**Task to complete**
The response has to reproduce all entries exactly while excluding their pictures.

[Records from a data collection]

# # # # #

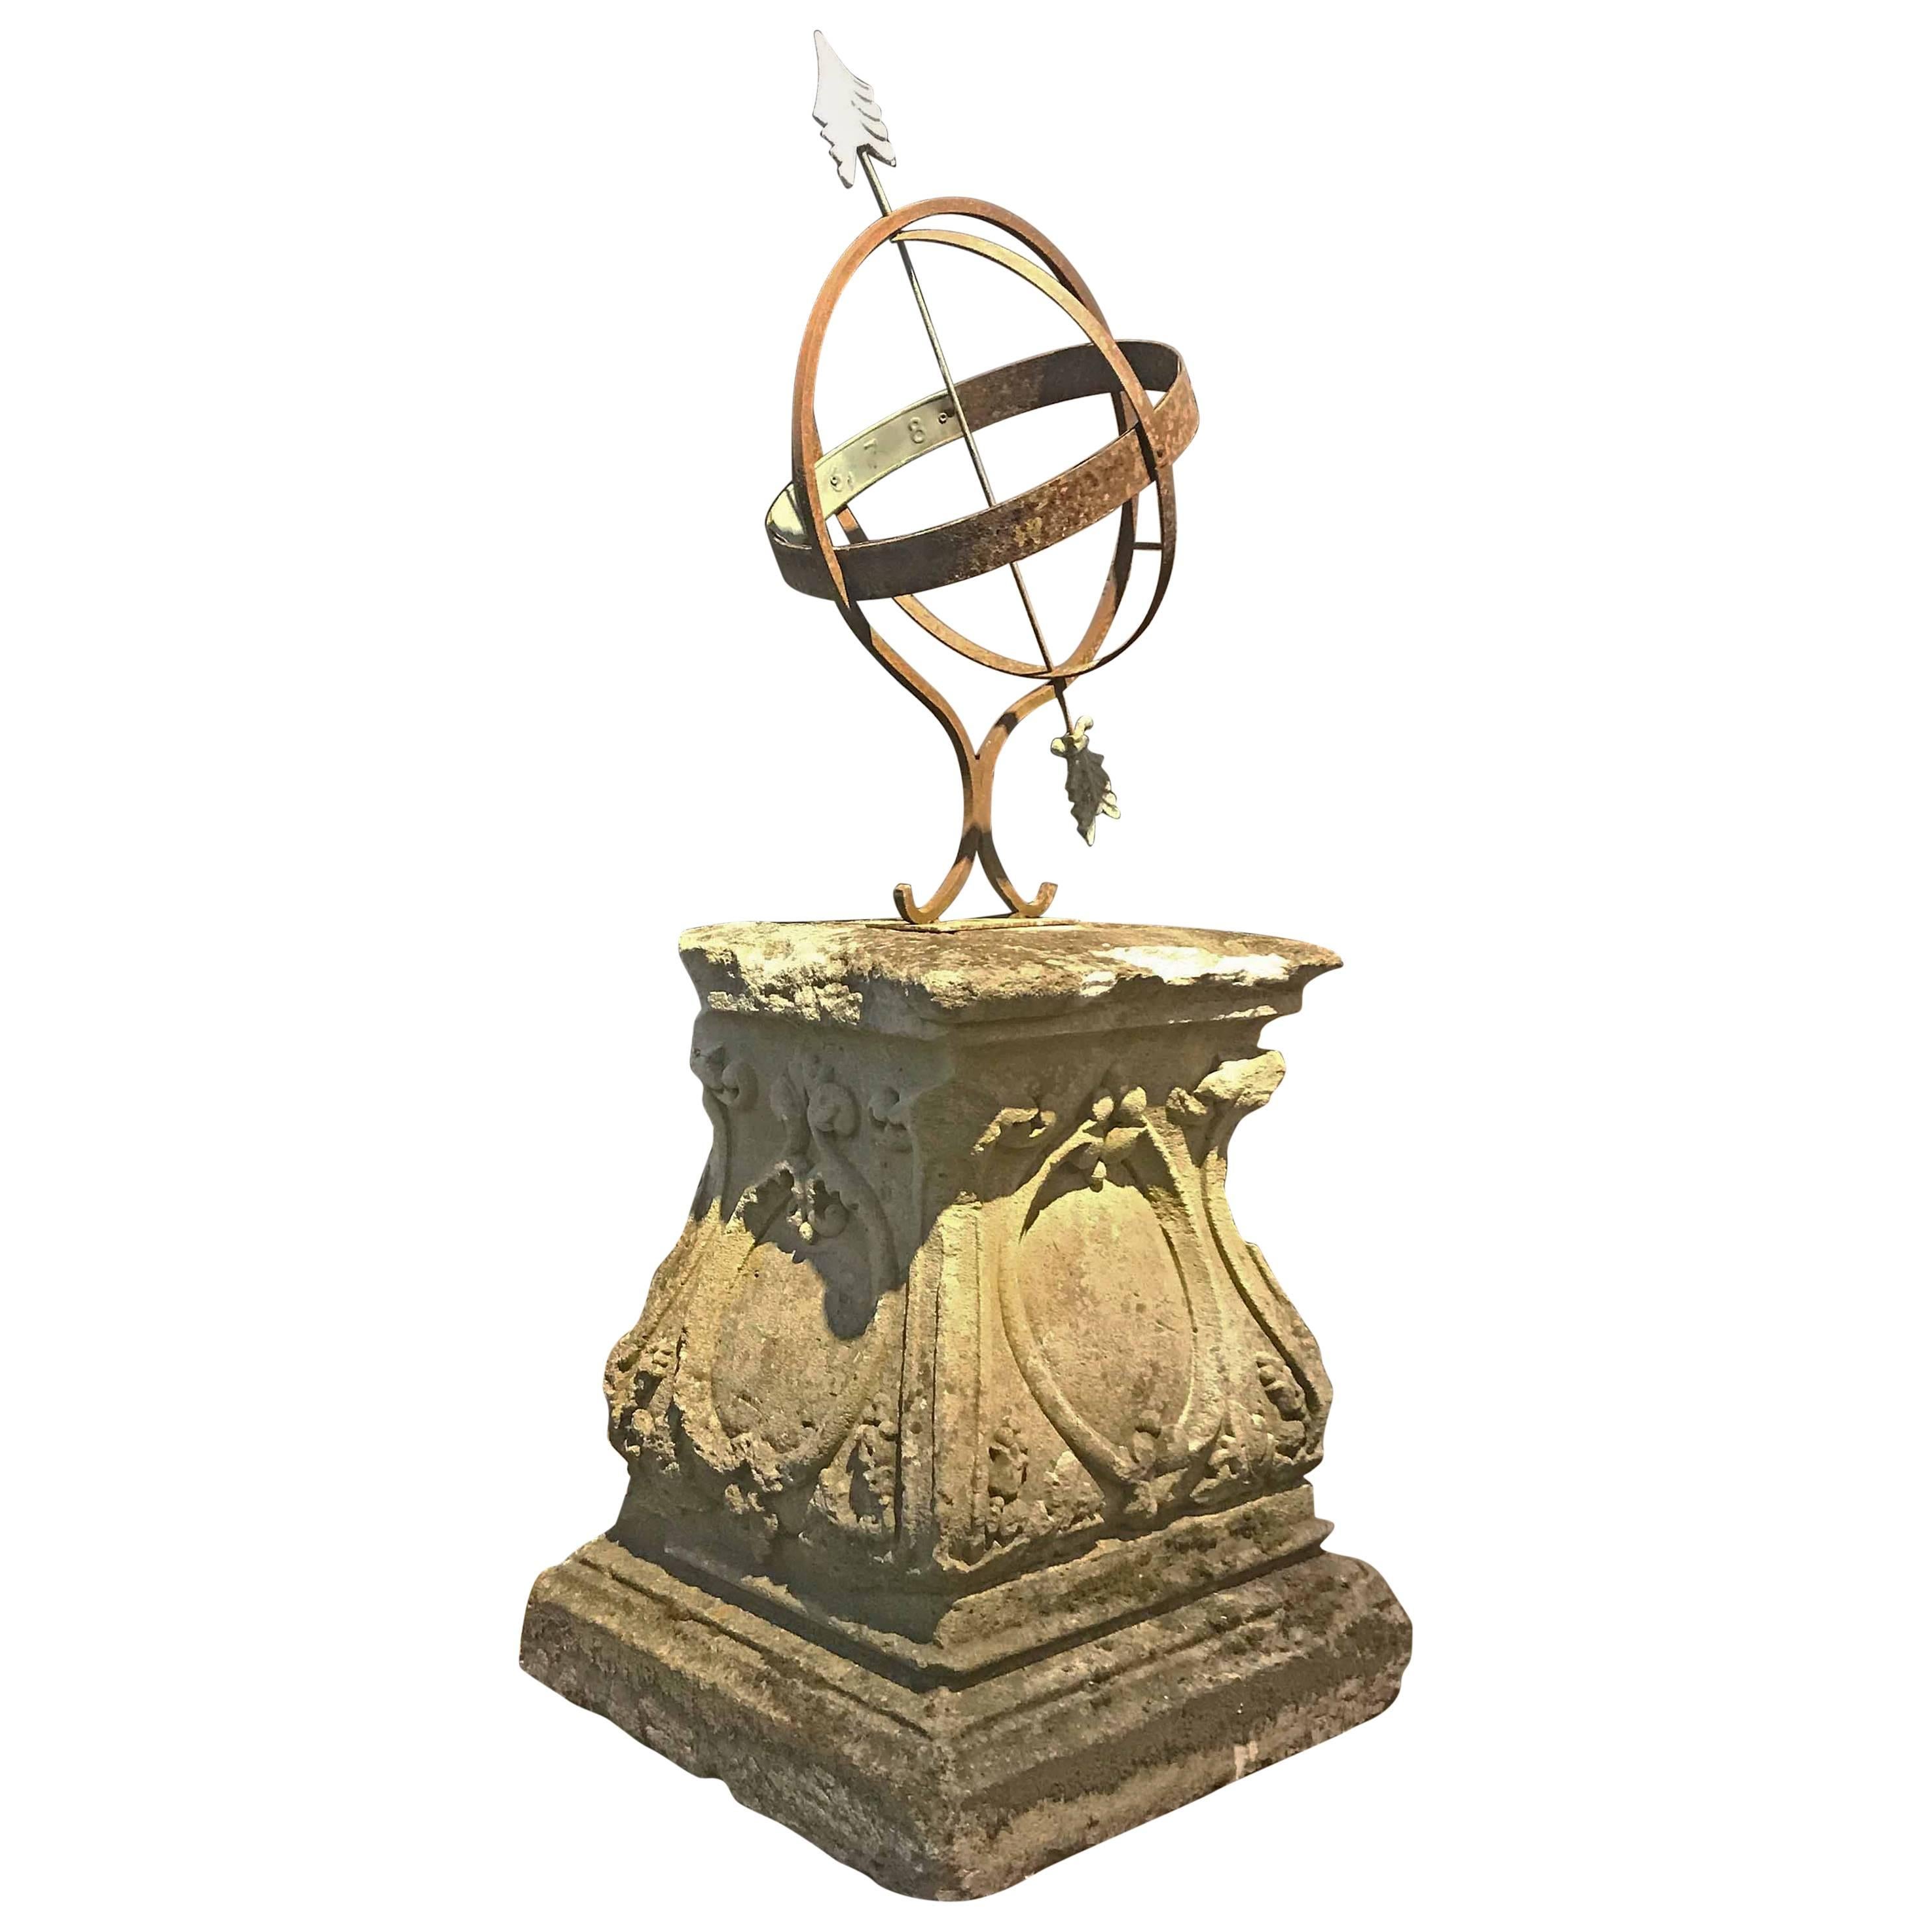 European Antique Sun Dial, circa 1500
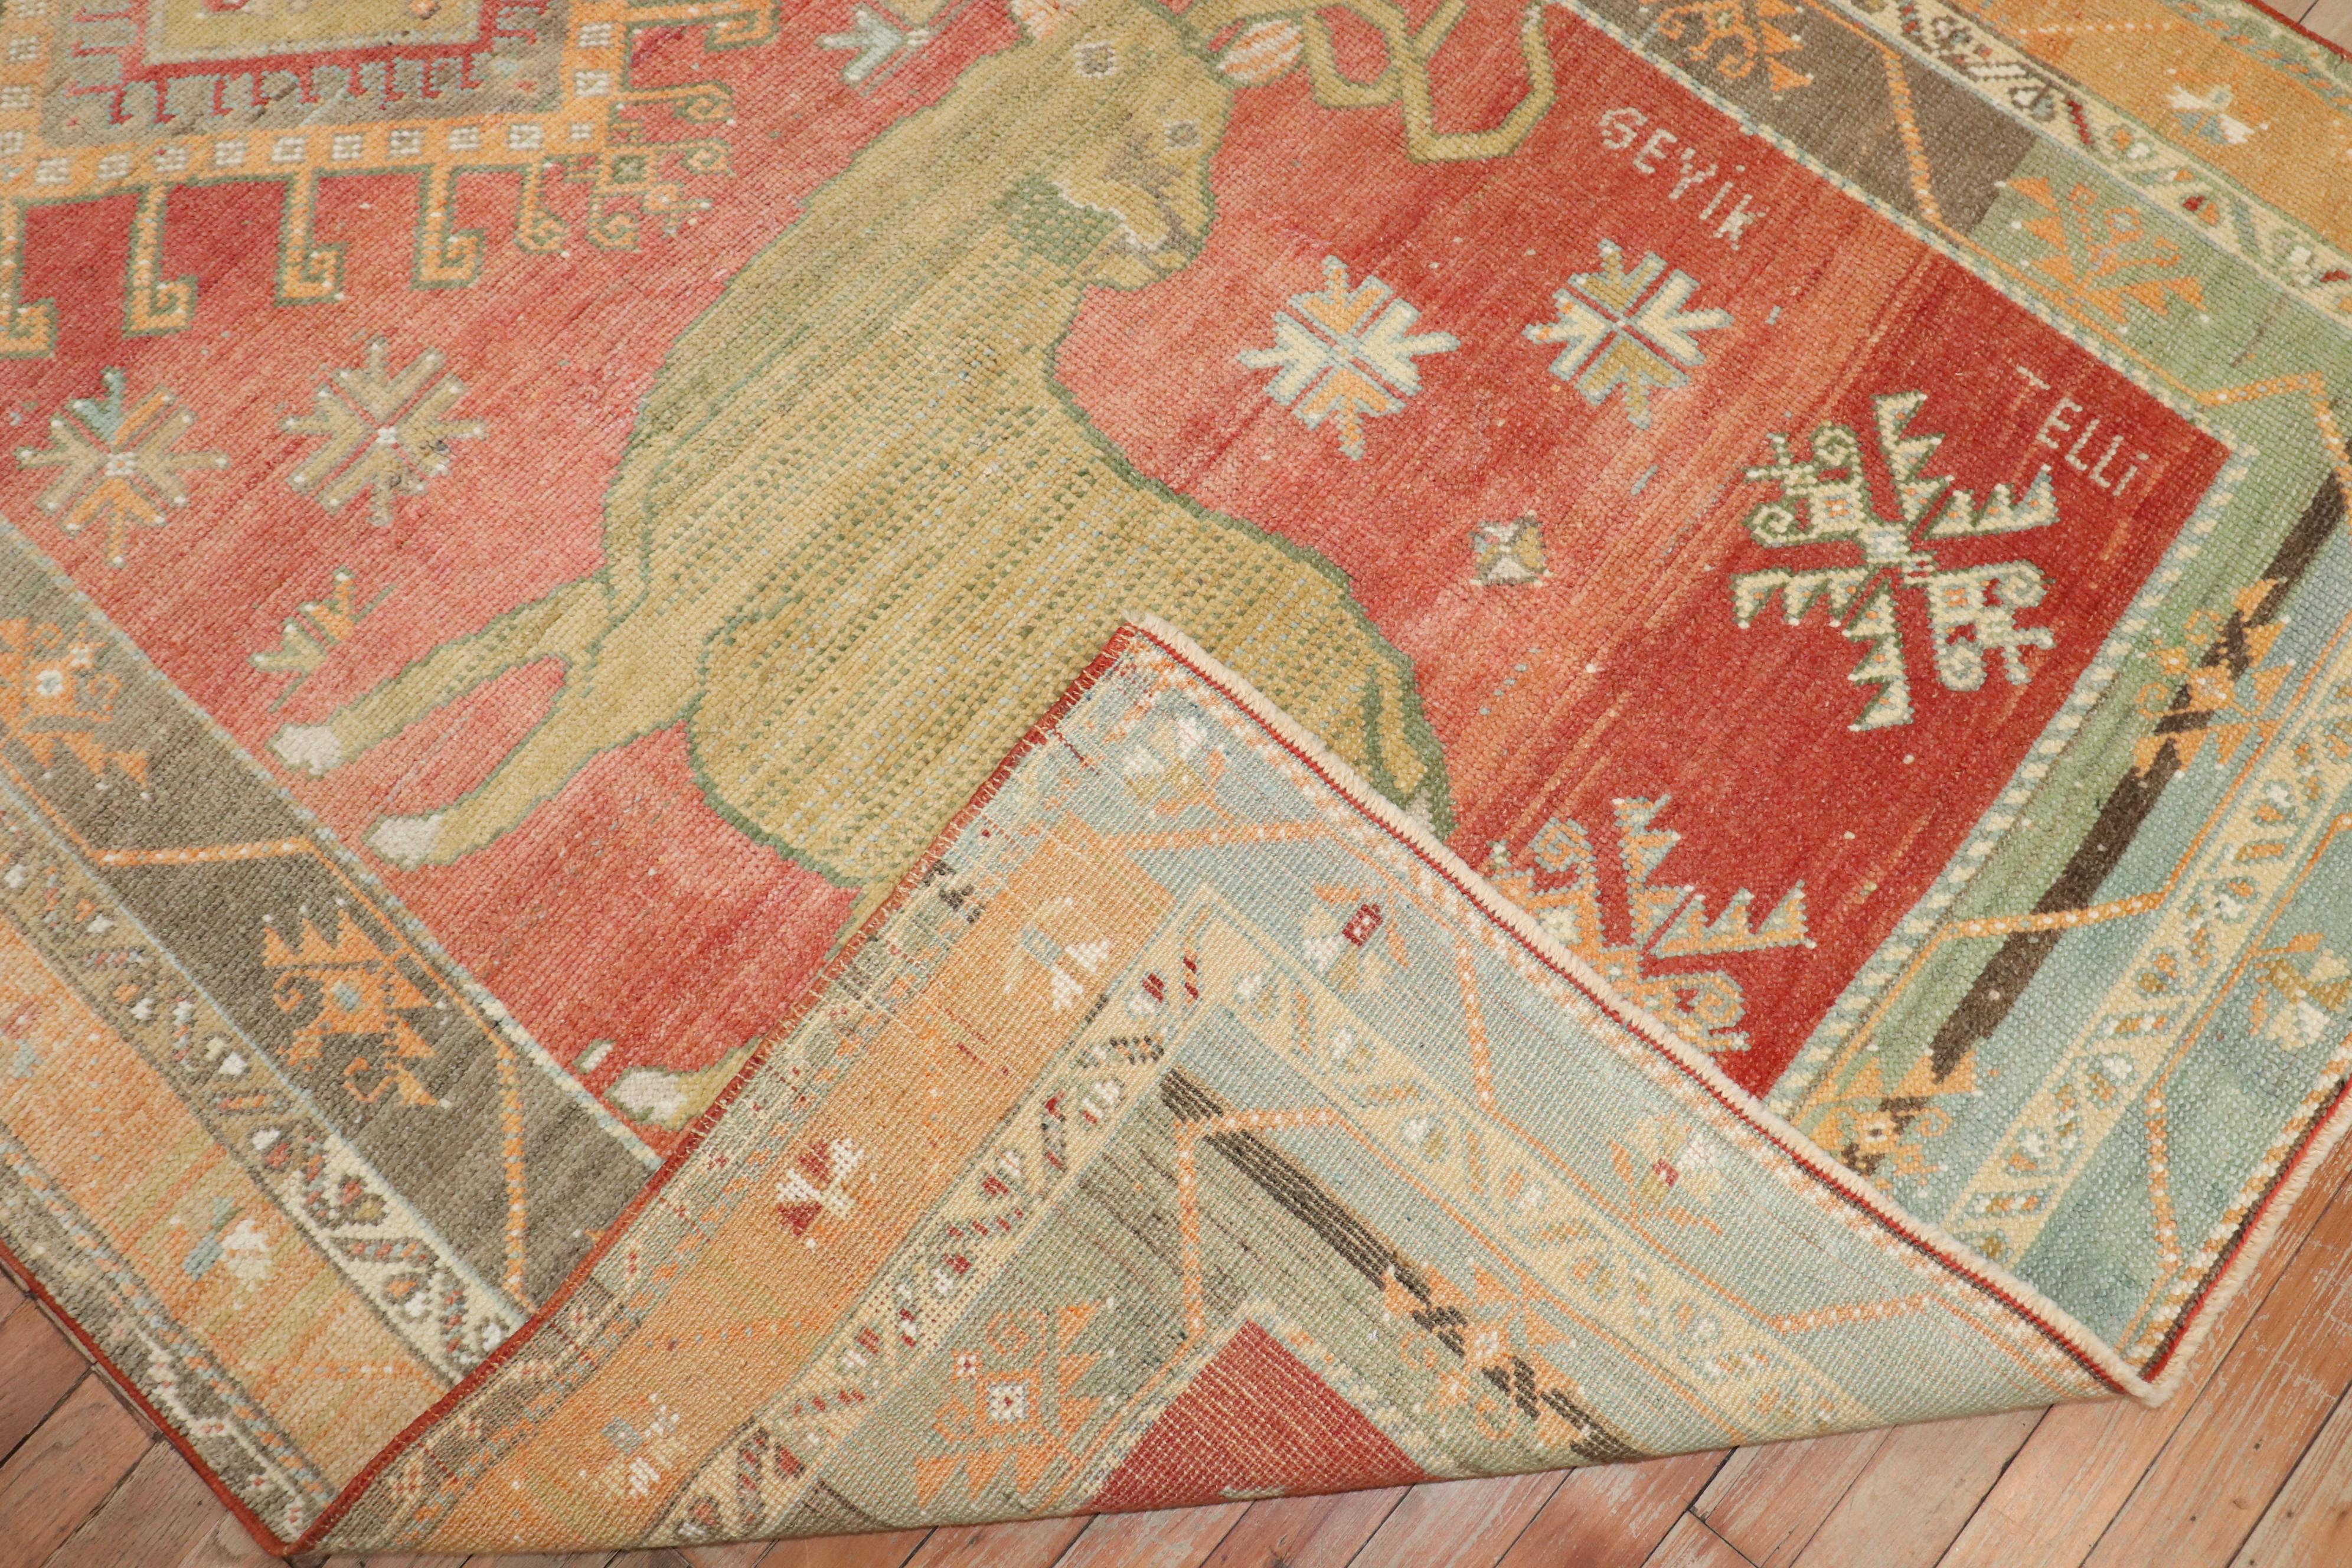 Türkischer Teppich aus der Mitte des 20. Jahrhunderts mit 2 großen Hirschen, die mehrere Einfassungen und ein zentrales Medaillon umgeben

Einzelheiten
Teppich nein.	j3741
Größe	4' 10

# # # # #

**Reply to the task**
 European Antique Sun Dial, circa 1500
 Türkischer Teppich aus der Mitte des 20. Jahrhunderts mit 2 großen Hirschen, die mehrere Einfassungen und ein zentrales Medaillon umgeben

Einzelheiten
Teppich nein.	j3741
Größe	4' 10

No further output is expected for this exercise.